Ella entonces se inclinó hacia adelante, los codos apoyados encima de sus rodillas, y le miró.

—Te amaba, Maxwell. Realmente lo hacía —explicó—. Sé que no soy una mujer fácil, nunca lo fui y nunca lo seré, y también sé que teníamos muchas peleas, que mi carácter no era el adecuado y el tuyo tampoco. Pero aún así lo que hiciste... Creés que no lo sé, ¿verdad? Estuvimos muchos años juntos, y siempre creíste que yo no lo sabía.

—Maldición, no sé de que mierda me estás hablando.

—Aquella editora, poco antes de encontrar tu primer contrato. ¿Creés que no me daba cuenta como te coqueteaba? —Elizabeth se puso de pie, y entonces caminó hacia él a paso lento, mientras hablaba. —Es cierto, tú nunca le diste caso. Pero cuando te dijo de ir a su casa para leer la propuesta de contrato, me imaginé que algo pasaría en aquel departamento. Soy mujer, sé como funcionan las mujeres, también he empleado las mismas tretas. Demoraste un buen rato, no lo recuerdo, una hora o dos. Pero cuando volviste, te pregunté que había pasado, ¿lo recuerdas?

—Sí, me acuerdo —respondió él, de forma sombría.

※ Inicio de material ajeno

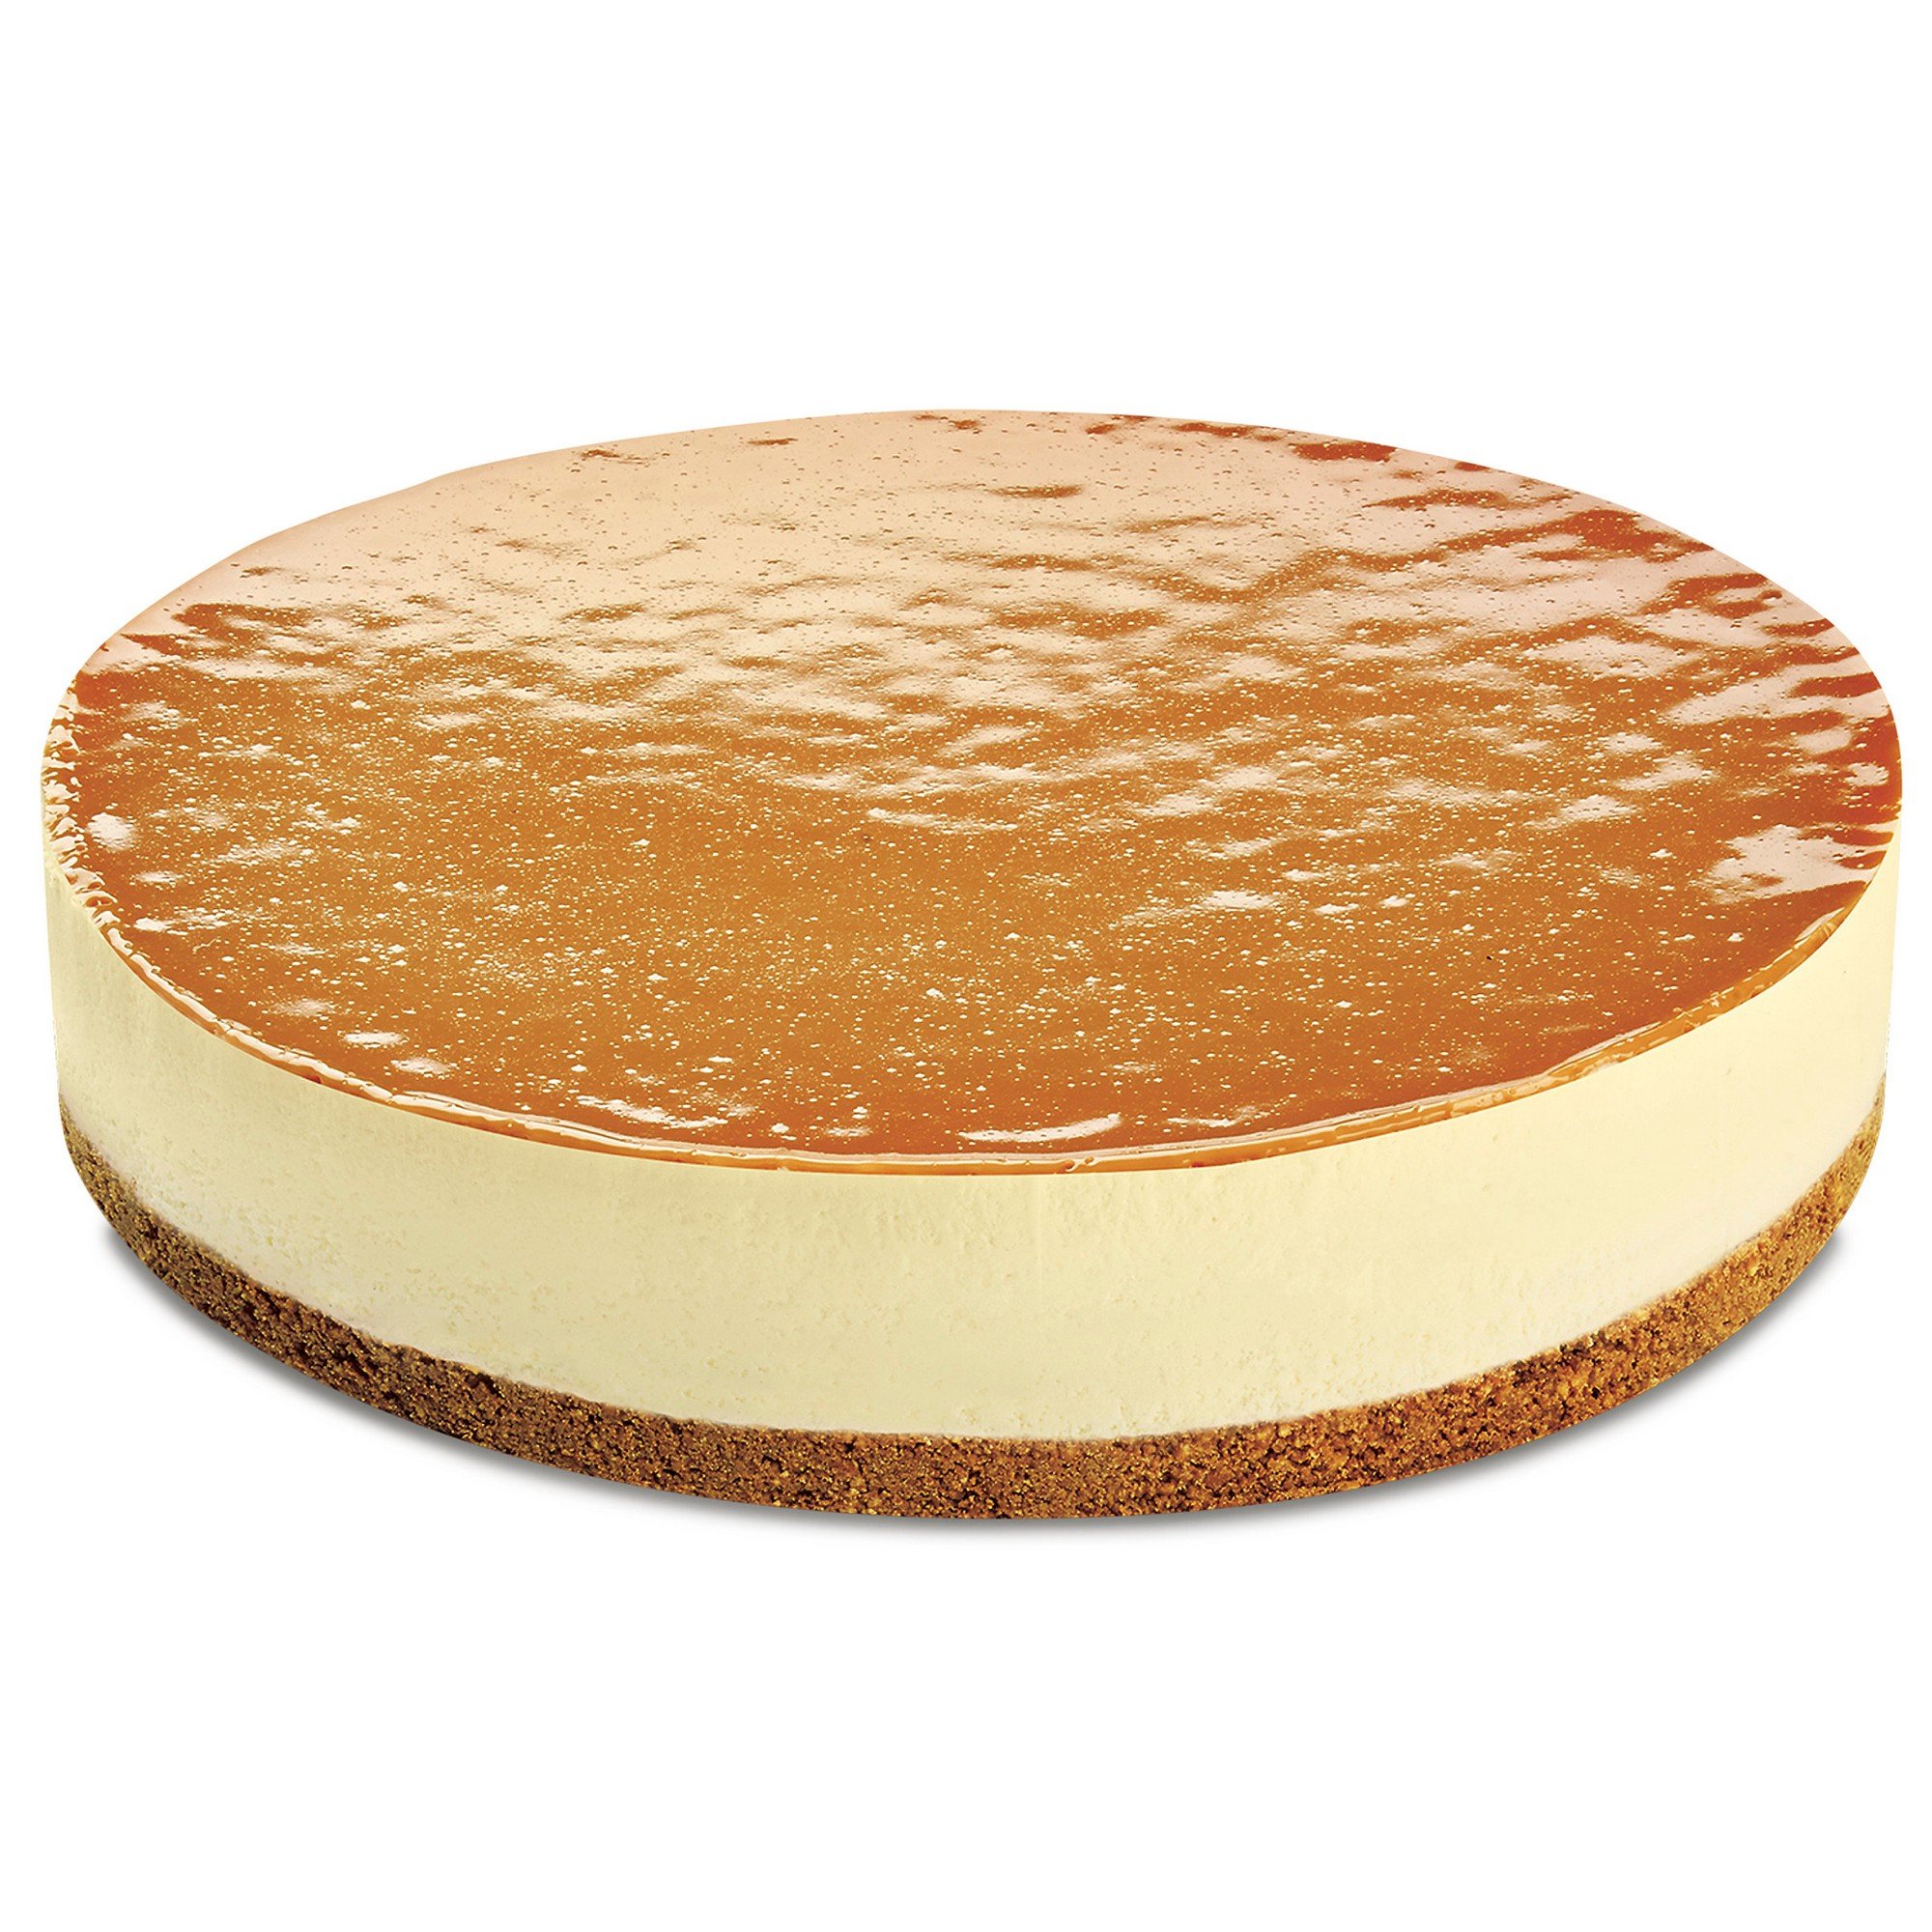 Cheesecake salted caramel   4x1400g

—Me contaste que te había recibido en portaligas y baby doll, pero que tú la rechazaste por todos los medios y te fuiste de allí. Y por la noche, cuando entraste a ducharte, llegó un mensaje a tu teléfono. Lo abrí y era ella, te decía que quería repetir aquel día, que le habías dado tan duro y sexy que aún se mojaba por el simple hecho de recordarlo. Ni siquiera le respondí, pero borré el mensaje, bloqueé su número y nunca lo supiste porque jamás te lo dije. Pero me mataste, Maxwell. ¡Me mataste, aquí! —exclamó, golpeándose con el índice encima del pecho izquierdo. —Y a partir de ese día me juré que te lo haría lamentar todos los putos días de tu miserable vida. Respóndeme una cosa, escritor. ¿A tu noviecita le contaste la misma historia que a mí? ¿O ella sabe todo?

Maxwell no respondió absolutamente nada, solo la miró, por completo abrumado. Era cierto, todo lo que Elizabeth había dicho era completamente cierto. En verdad sí había tenido sexo con esa mujer madura, y sí había conseguido su primer contrato gracias a ello. No con su editorial, pero con otra asociada a la suya. Y allí había ocurrido su salto a la fama, gracias al polvo más intenso de su vida. Y siempre había creído que ella no lo sabía.

—Quiero que te alejes de mi vida, te regalaré la casa y haré como si aquí no hubiera ocurrido nada. Pero aléjate. Más te vale no interferir entre Abby y yo —balbuceó.

—Te has enamorado, ¿verdad? —Se sonrió, complacida con evidente saña. —Podría hacerlo, podría ir y decirle todo esto. De todas formas, no me creería porque ella también está enamorada de ti, lo puedo ver en la forma como te mira. Pero, ¿en verdad quieres que me aleje de tu vida?

—Sí.

—Bien. No quiero la casa, no quiero nada material —dijo—. Quiero que me hagas el amor una última vez. Pero házmelo como se lo hiciste a esa editora de cuarta, házmelo como se lo haces a diario a esa chica rubia con la que estás ahora —sorpresivamente se acercó a él, le tomó una mano y se la puso entre las piernas. Maxwell no pudo evitar palpar, no llevaba nada, y como si fuera poco, le susurró al oído—. Y entonces me marcharé, te dejaré la casa, no cobraré tu dinero y nunca más nos volveremos a ver.

Maxwell tragó saliva, y entonces se retiró.

—Estás demente, Elizabeth —murmuró.

—Puede ser, pero es tu culpa.

—No tendré sexo contigo. Y más vale que me dejes en paz —respondió él, y sin mirarla, caminó hasta la puerta, abriendo para salir.

Elizabeth le miró, apoyada en el marco de madera. Lo vio subir a su coche, encender el motor y arrancar calle abajo haciendo chirriar los neumáticos traseros. Y sonrió.

—Entonces ya has elegido tu camino, Maxwell Lewis... —murmuró.